Vought is unquestionably the party with a net monetary recovery, specified in the first sentence. It recovered $61,000, plus interest. It is clear from the statutory language that when there is a party with a net monetary recovery (one of the four categories of prevailing party), that party is entitled to costs as a matter of right; the trial court has no discretion to order otherwise.

 

The parties’ contract did not include an attorney-fee provision.

 

The trial court did not resolve Vought’s cause of action to foreclose on its mechanic’s lien.

 

Vought contends the court erred in failing to adjudge a lien on the property in the sum of $78,241.57 plus interest, and to order foreclosure, as Stock raised no defense to the lien.

Stock responded that the judgment is for a lesser amount $77,870.70 than the requested lien.

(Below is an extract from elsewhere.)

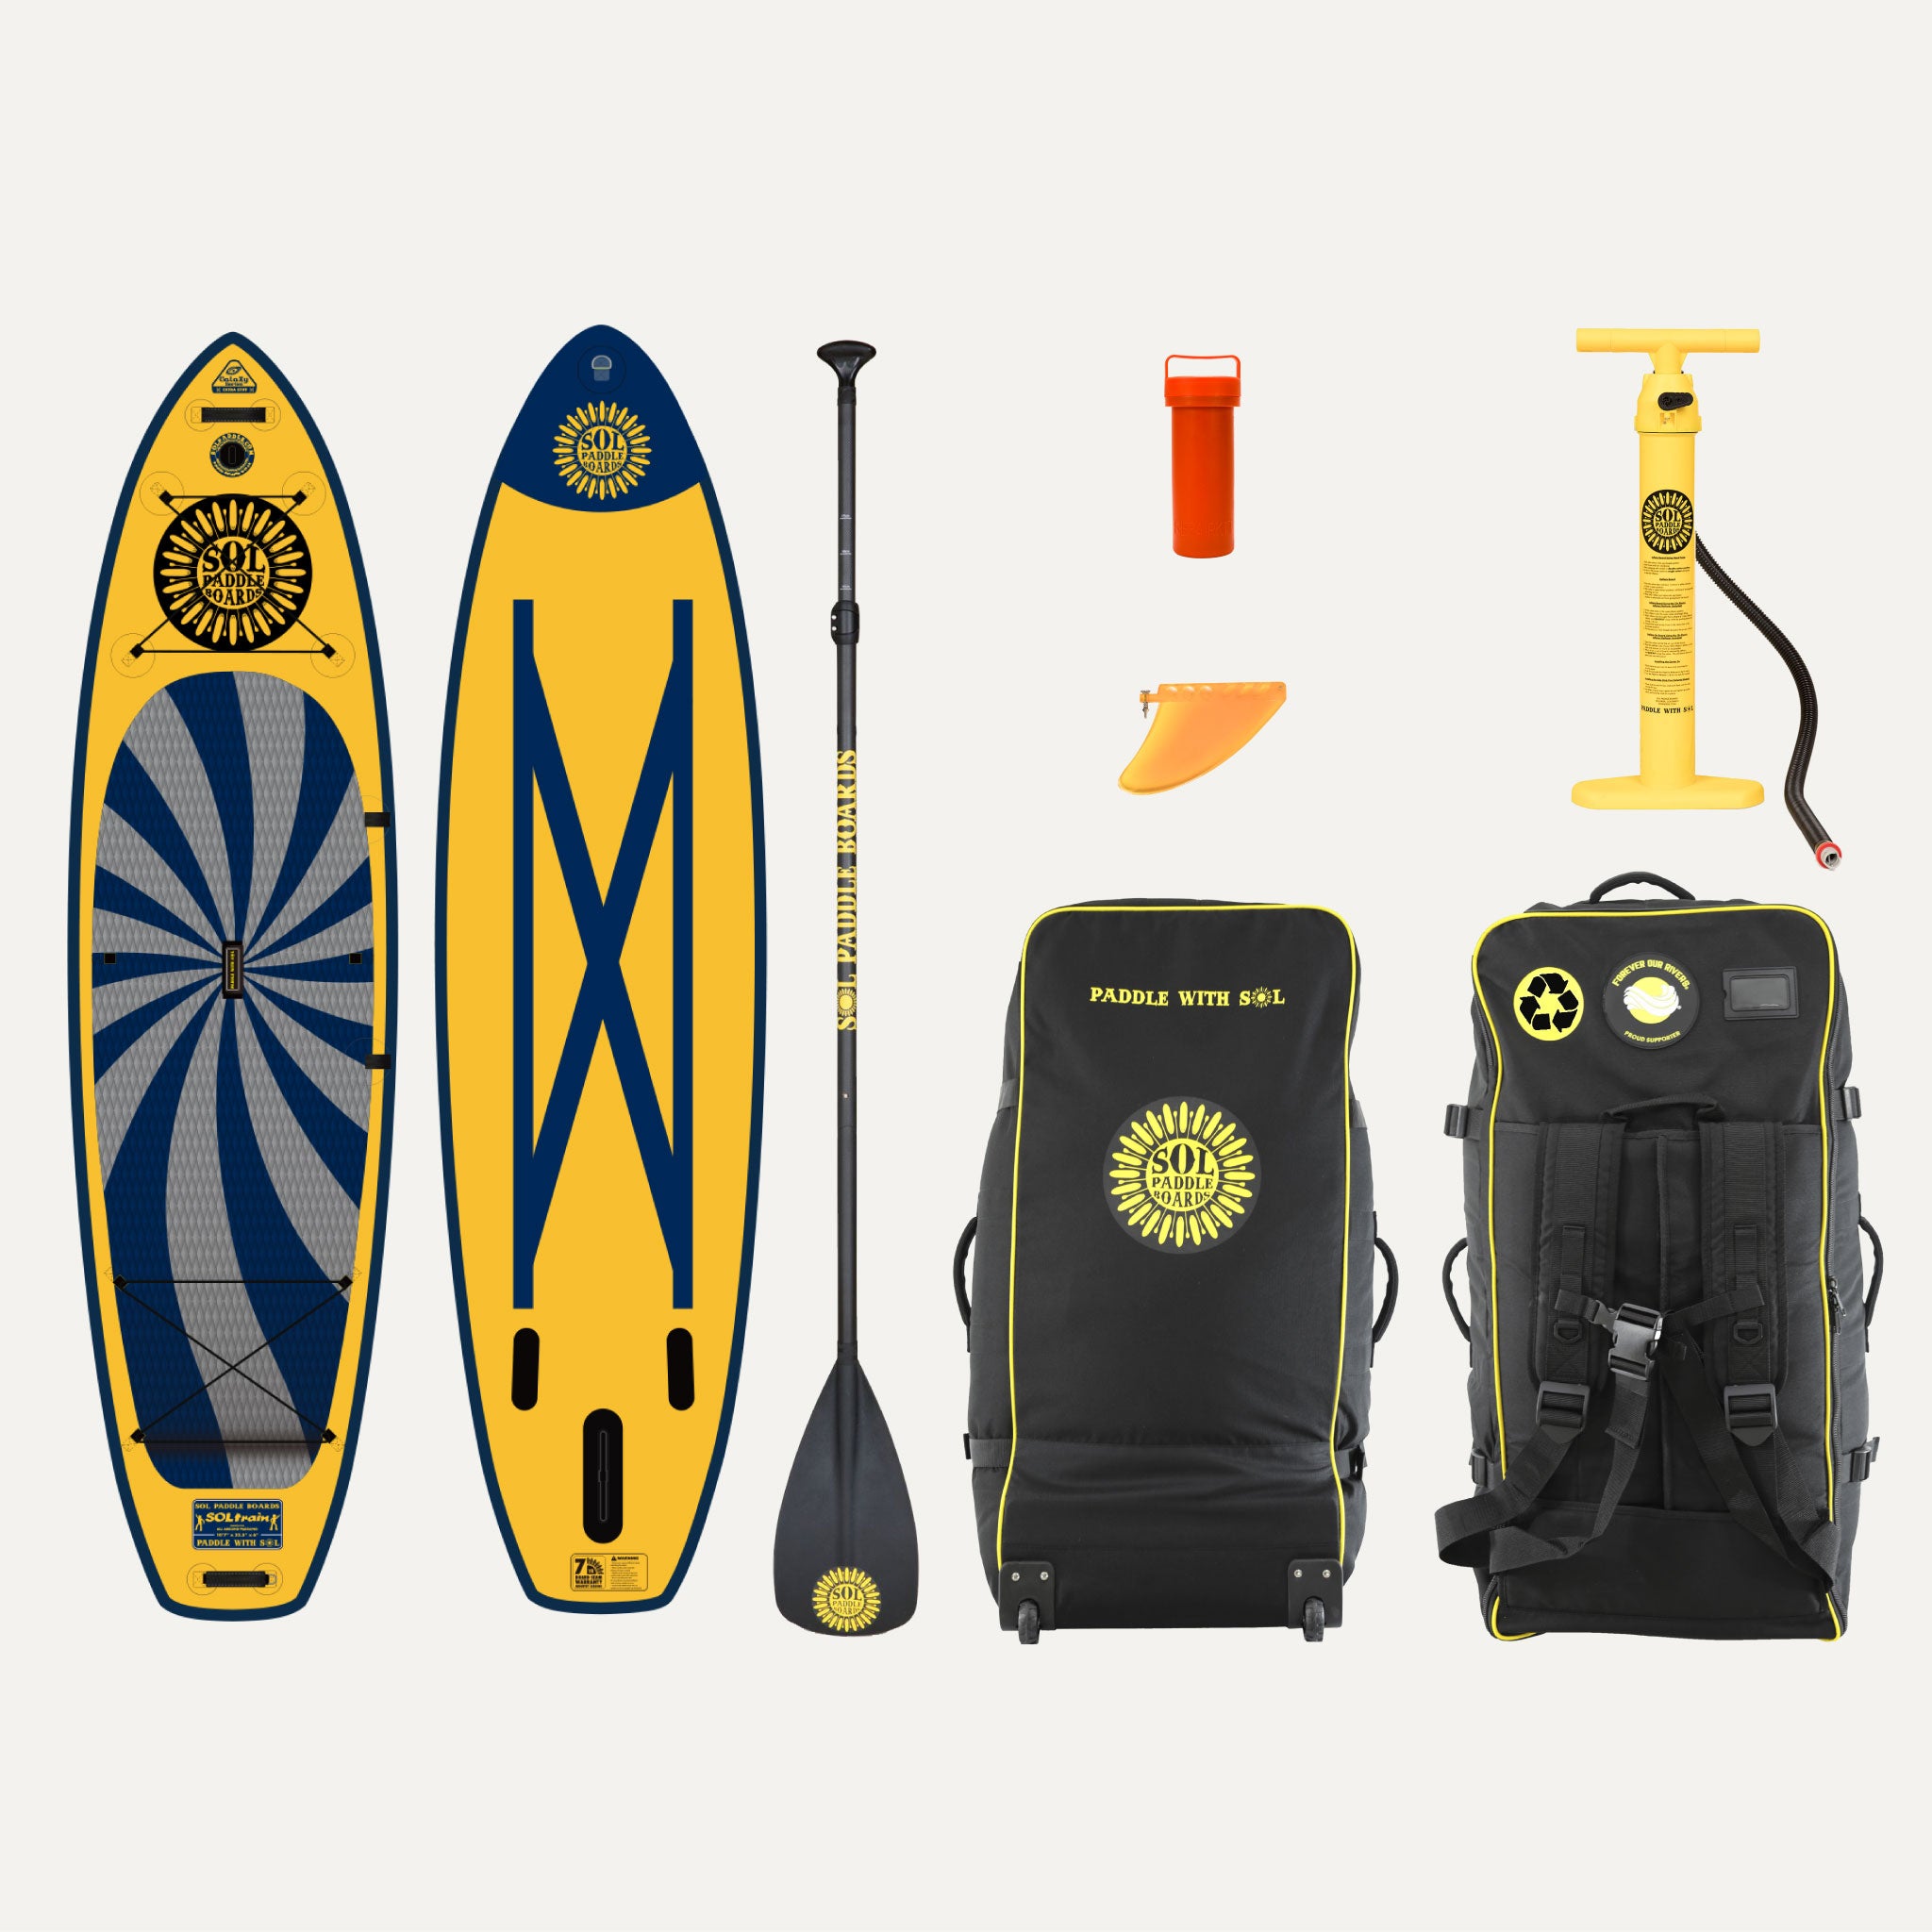 GalaXy SOLtrain Inflatable Paddle Board showcasing the top and bottom views of the SUP board and the accessories that come with it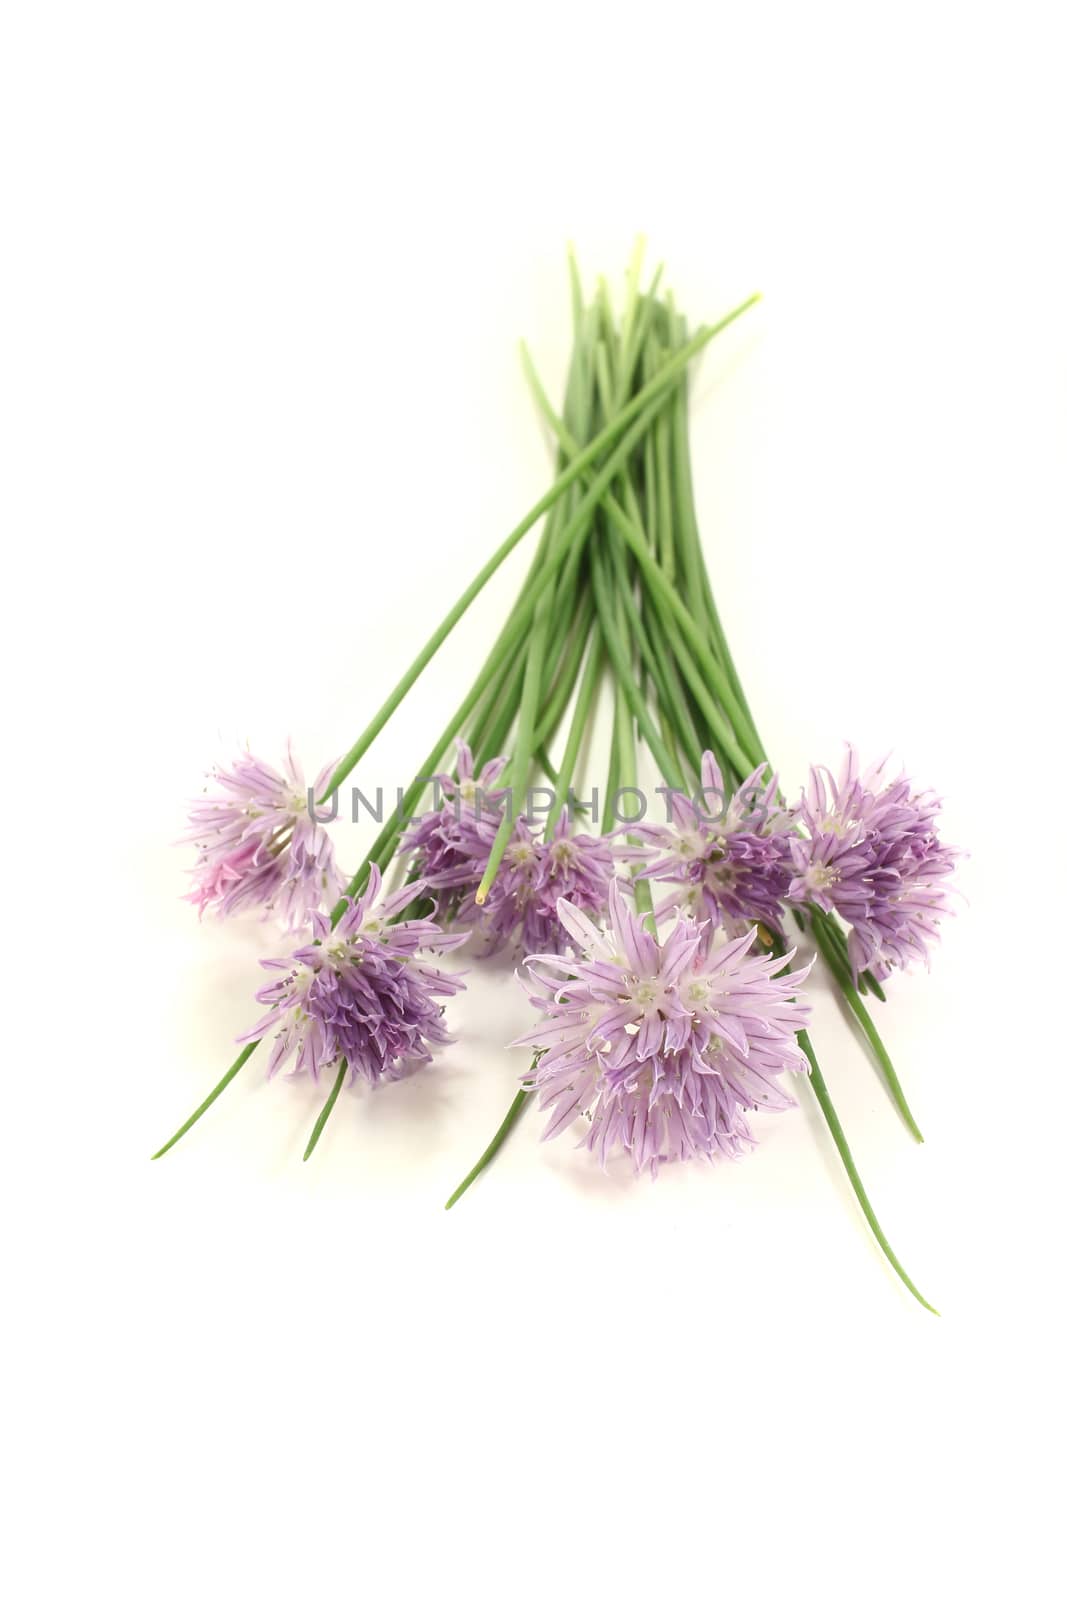 fresh chives with leaves and purple blossoms on a bright background

But if a lien is excessive in amount, absent evidence of fraud the court should simply order it reduced to the amount due.

 

Vought proved the elements of a cause of action to foreclose on a mechanic’s lien: the fact that its labor, services, and materials were used in a work of improvement, the reasonable value of its contribution, and the date the work was complete.

 

It is entitled to a judgment ordering foreclosure on the lien—subject, of course, to Stock’s right of redemption (Civ. Code § 2903) and to Vought’s duty to credit against the lien any payment received pursuant to its personal judgment against Stock (§ 8468, subd. (b)).

 

The judgment was affirmed insofar as it awarded Vought the principal sum of $61,105.45 plus contractual prejudgment interest.

 

The order striking Vought’s cost memorandum was reversed, and the matter was remanded so that the trial court may award Vought contractual prejudgment interest through the date of entry of a revised judgment, award it routine litigation costs pursuant to Code of Civil Procedure section 1032, subdivision (a)(4), and order foreclosure on Vought’s mechanic’s lien.

 

LESSONS:

 

1.         Except as otherwise agreed in writing, the owner shall pay the direct contractor, within 30 days after notice demanding payment pursuant to the contract is given, any progress payment due as to which there is no good faith dispute between them.

 

2.         Fees under Section 8800 are not appropriate if there was a good faith dispute between the parties as to what needed to be paid.

 

3.         The elements of a cause of action to foreclose on a mechanic’s lien are (1) labor, services, and materials were used in a work of improvement, (2) the reasonable value of its contribution, and (3) the date the work was complete.